26.9.12

Adiar a felicidade

[...]
- Como você está?
- rs, com ressaca de um filme que me confrontou bastante...irônia é que justo você me perguntar como eu tô agora...
- Que filme?
     irônia, porque?
- Posso não responder? pensei alto e nem devia ter falado. :$ O filme é 'One Day (Um dia)', já assistiu?

[...]





Bobiinha, #ParaTudo!, conversa de bate-papo à parte, o que ficou na cabeça da menina da situação acima foi a falta de coragem para, mesmo depois de assistir o filme, não aproveitar a lição ou mesmo utilizá-lo como oportunidade para adiantar a chance de ser feliz uma vez que o destino conspirou para que justo sua paixãozinha puxasse conversa...

Não sei quantos já assistiram, mas os que já se deliciaram no filme de 2009, obra de David Nicholls, uma produção toda fofa, bem retrôzinha, agradável de ver o trabalho de Anne Hathaway (Emma) e do Jim Sturgees (Dexter), sabe o quão poderoso ele pode ser no debate de amores calados ou mesmo adiados. As vezes deixamos para depois, aceitamos pequenos empecilhos, aceitamos interferências, deixamos o tempo passar, anos... e quando nos reencontramos, ainda com a possibilidade de não acontecer, pode não ser tarde, mas durar pouco.

Eu acredito muito que devemos correr riscos a fim de fazer permanecer o mais próximo possível em nossas vidas àqueles que fazem dela mais feliz, que conseguem nos transformar para melhor sem ao menos exigir isso, aquelas que fazem o coração listar motivos para querer encontrar muito mais que uma vez por ano... acredito no valor imensurável e insubstituível dessas pessoas.

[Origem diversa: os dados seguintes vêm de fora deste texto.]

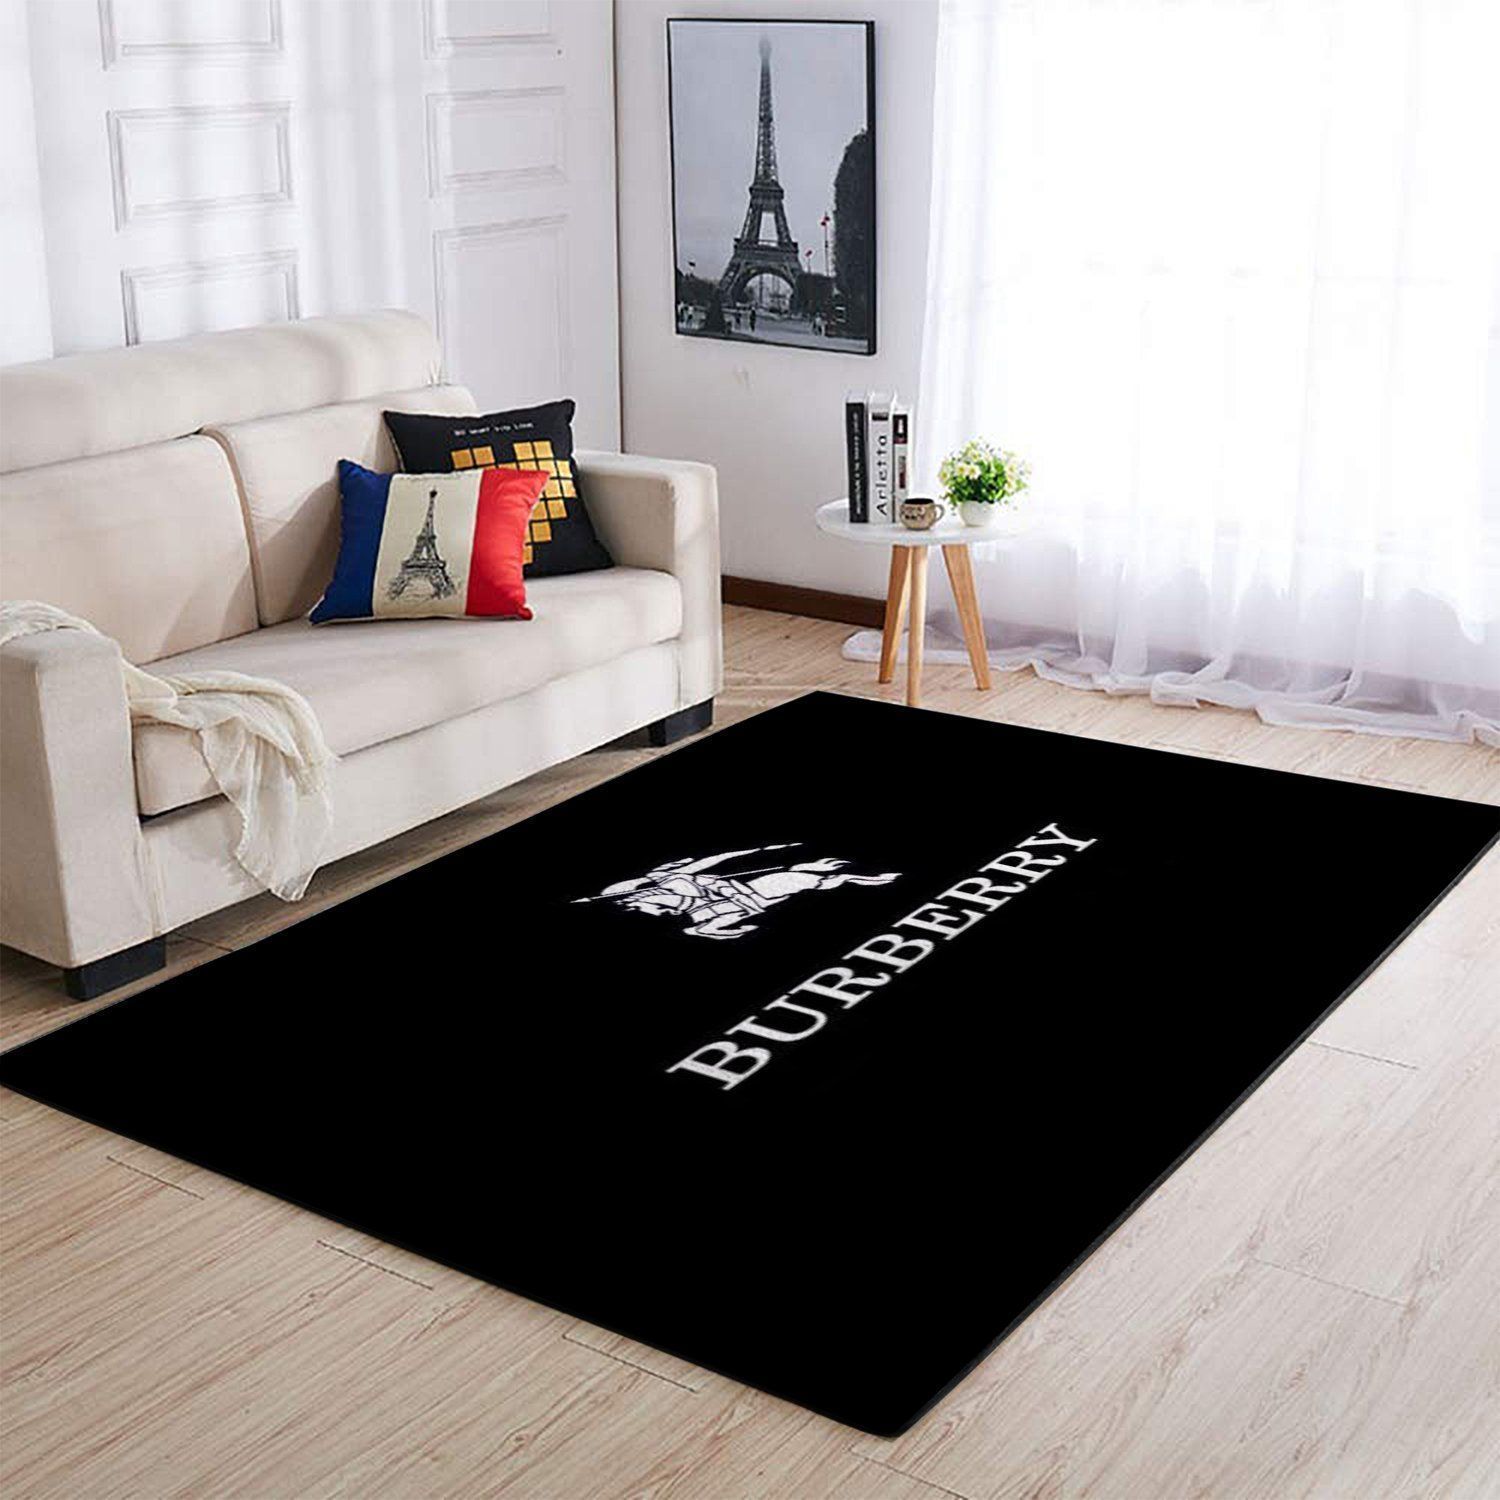 Burberry Luxury Brand 25 Area Rug Living Room And Bedroom Rug Us Gift Decor VH3

Mas a vida não é simples mesmo! Se a gente encontrasse essa pessoa e ela fosse selada, enviada e decretada em nossa vida, ótimo... mas estamos em período difícil para os amantes, tempos em que sentimentos são guardados, disfarçados, calados, sufocados, silenciados, precavidos, amedrontados, postergados e distanciados... Tempos em que o orgulho fala alto e as prioridades têm preço muito mais que valores... que por sinal, pode ser transviados para aparências e superficialidades, beleza física muito mais que intelectual. Vivemos tempos de loucos amores, já cantava Charlie Brown Jr., e os que sabem não só o que querem, mas a quem querem, devem perpetuar a felicidade, assim ó: mesmo... com unhas, dentes e toda persistência que houver, o quanto antes.

No livro O Silêncio dos Amantes a Lya Luft diz que ser humano, com toda miséria e grandeza que isso significa, não é apenas desejar consolo e esperança, mas também abrir os olhos e enxergar além disso, sem perder a alegria. Amém?! Rumo a felicidade, gente...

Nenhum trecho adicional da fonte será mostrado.